Many of the 25 members of Obama’s faith advisory council made the point that it’s simply too early to judge the council’s work. The final vote on their year-long draft of recommendations has been delayed, and will be given to Obama sometime in early March. “The question of impact depends largely on what’s done with the report,” said council member Eboo Patel, director of Interfaith Youth Core and On Faith panelist. “We won’t know until the report is sent.”
One member, however, who spoke openly and a bit critically about doubts of his own on the council was former Southern Baptist Convention President Frank Page.
“It’s been my honor to work with all these folks, but to be honest it’s been a mixed experience,” Page said. “For example, I serve on the fatherhood task force. That’s pretty low-hanging fruit. Who’s not going to want more responsible fathers? But even within that, you have to leave your faith at the door in a lot of these discussions. You can’t say here’s why fathers ought to do better, this is what encouragement comes from the Bible, how being a better father is a godly, right and biblical thing to do. When you have 25 people from such a wide range, you’re virtually reduced to a neighborhood group of folk.”
“I felt the issues we do discussed were carefully chose to avoid debate and arguments,” said Page. “When the president launched his office, he talked about abortion reduction as one of his four prioritites. That was very quickly taken off the table as something we’d deal with.”
Page also said that as a conservative when he was first asked to join the council, he said he questioned whether he was being used as a token member, “Being on the task force gave me some weight to be heard, it put my voice at the table, and for that I’m thankful.” But if were asked again today, he said he would have to think equally hard before accepting.

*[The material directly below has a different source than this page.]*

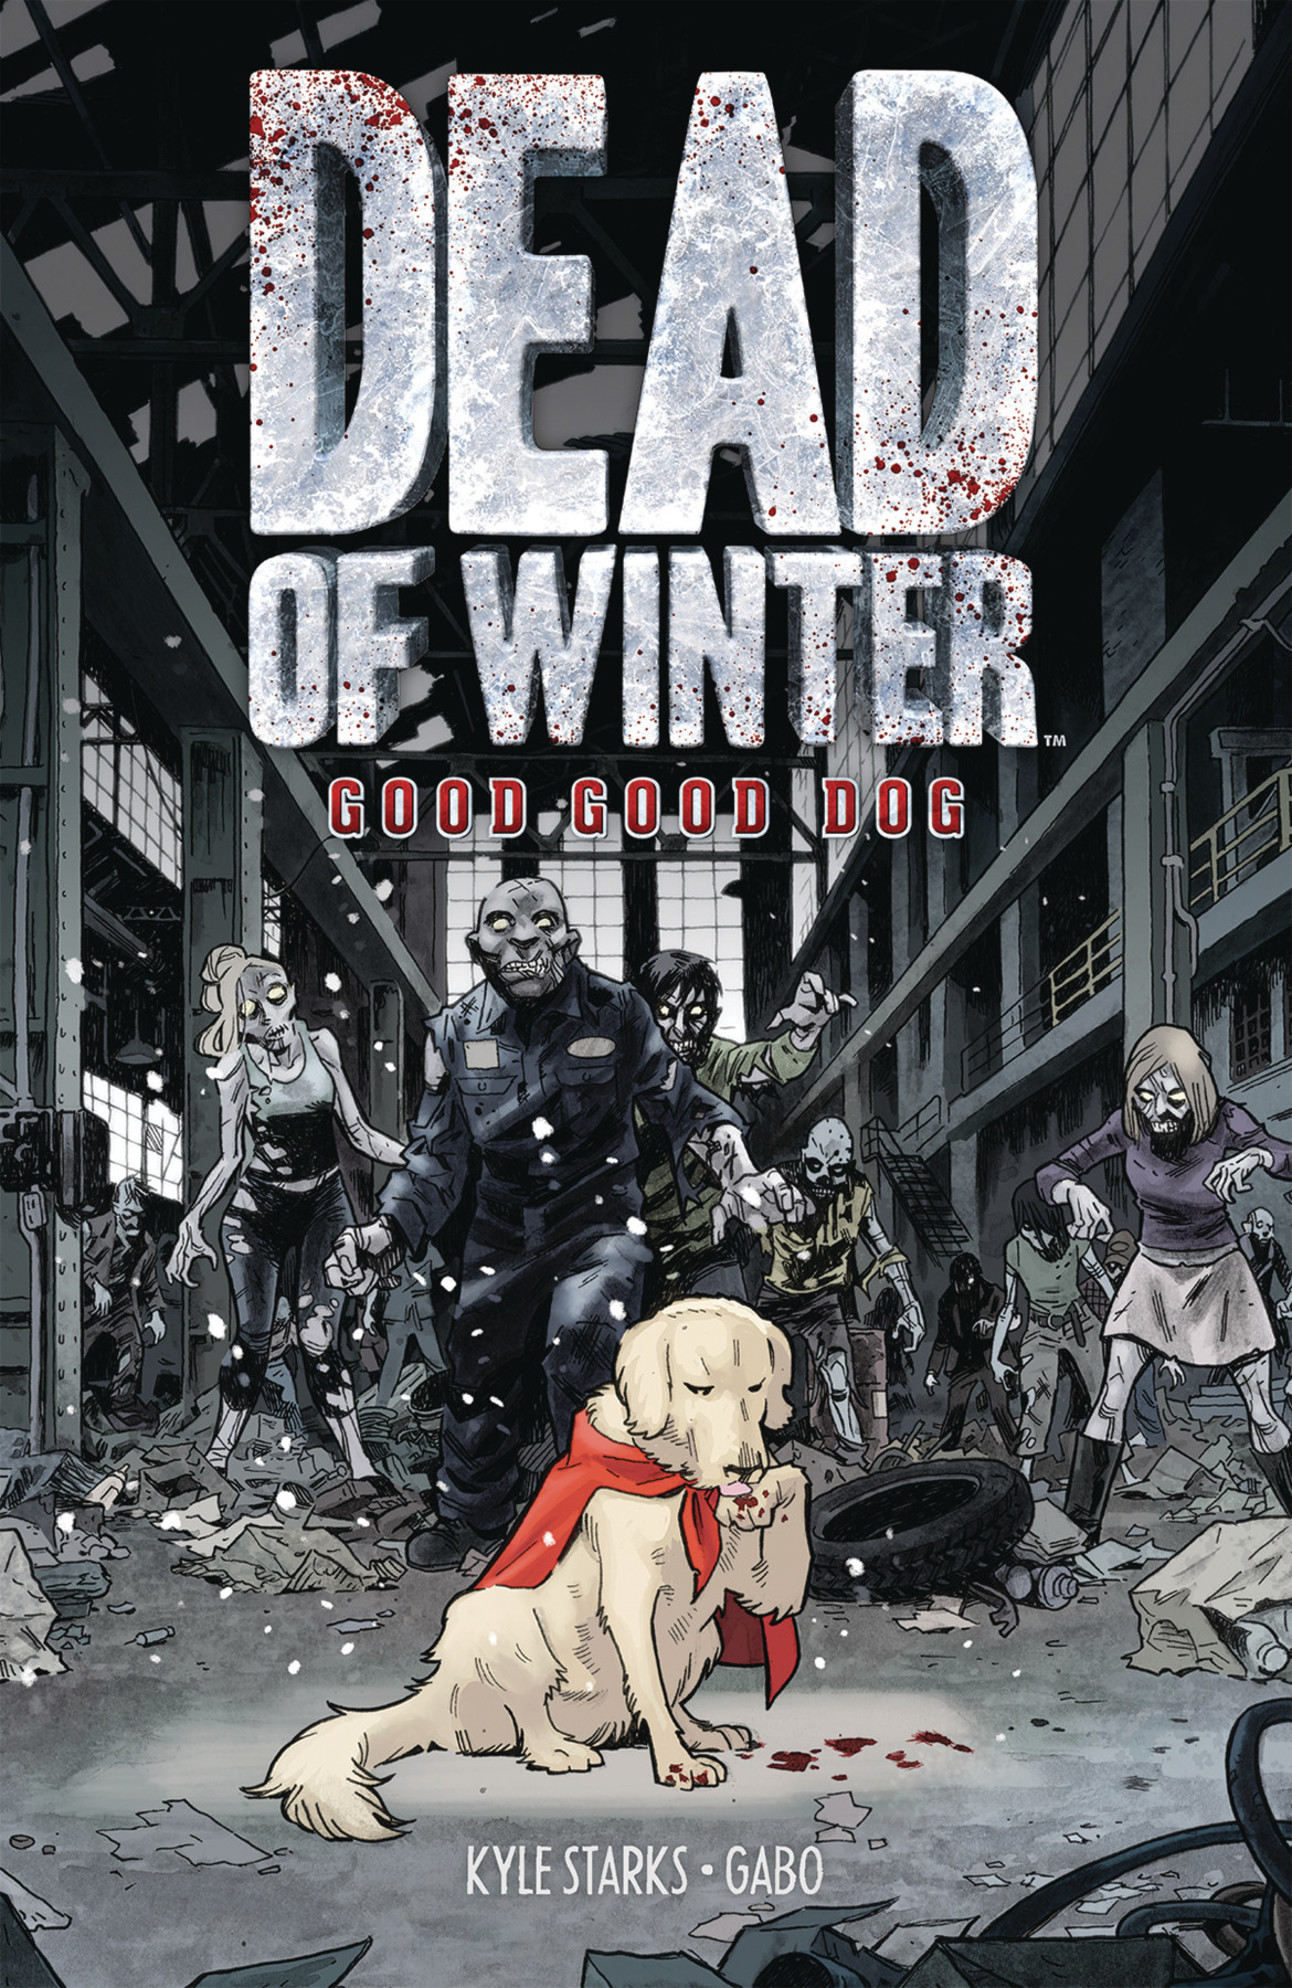 oni_dead_of_winter_good_good_dog_cover.jpg

Nathan Diament, a lobbyist for the Union of Orthodox Jewish Congregations of America who sits on the council, argued that on the question of impact or influence of the council there’s no way for the White House to win. “Some would be very worried if it were the reverse, if a group of faith leaders empowered to be free agents, roaming the halls of the West Wing with carte blanche to weigh in on health care to abortion to who knows what,” Diament said. “We could have a legitimate discussion on whether this structure the best structure, was it too regimented. But this is the first time this is being done. People don’t understand that.”
(The council was split up into X task forces to address: economic recovery/poverty, interfaith dialogue, fatherhood, reforming the faith-based office, climate change, global poverty. For a complete breakdown of task forces check out this Pew Forum report)
As the council’s term nears its end, a few council members also talked about how being on the council has affected their work outside.
“Beside the council work itself, it’s helped me in my in my youth advocacy work,” said Patel. “People who didn’t used to return phone calls now do.”
Council member Joel Hunter, an influential senior pastor of the Northland Church in Florida, said being on the faith council has resulted in more interaction with the White House outside the council. “There have been chances to talk to the president,” he said. “He’s been engaged in asking for advice, to get spiritual counsel and support from some of us personally.”
(As a sidenote, in an interview with White House officials, Hunter’s name was brought up twice as an example of Obama’s consultation with religious leaders. Before the State of the Union, they said, Obama read a note of prayer sent by Hunter.)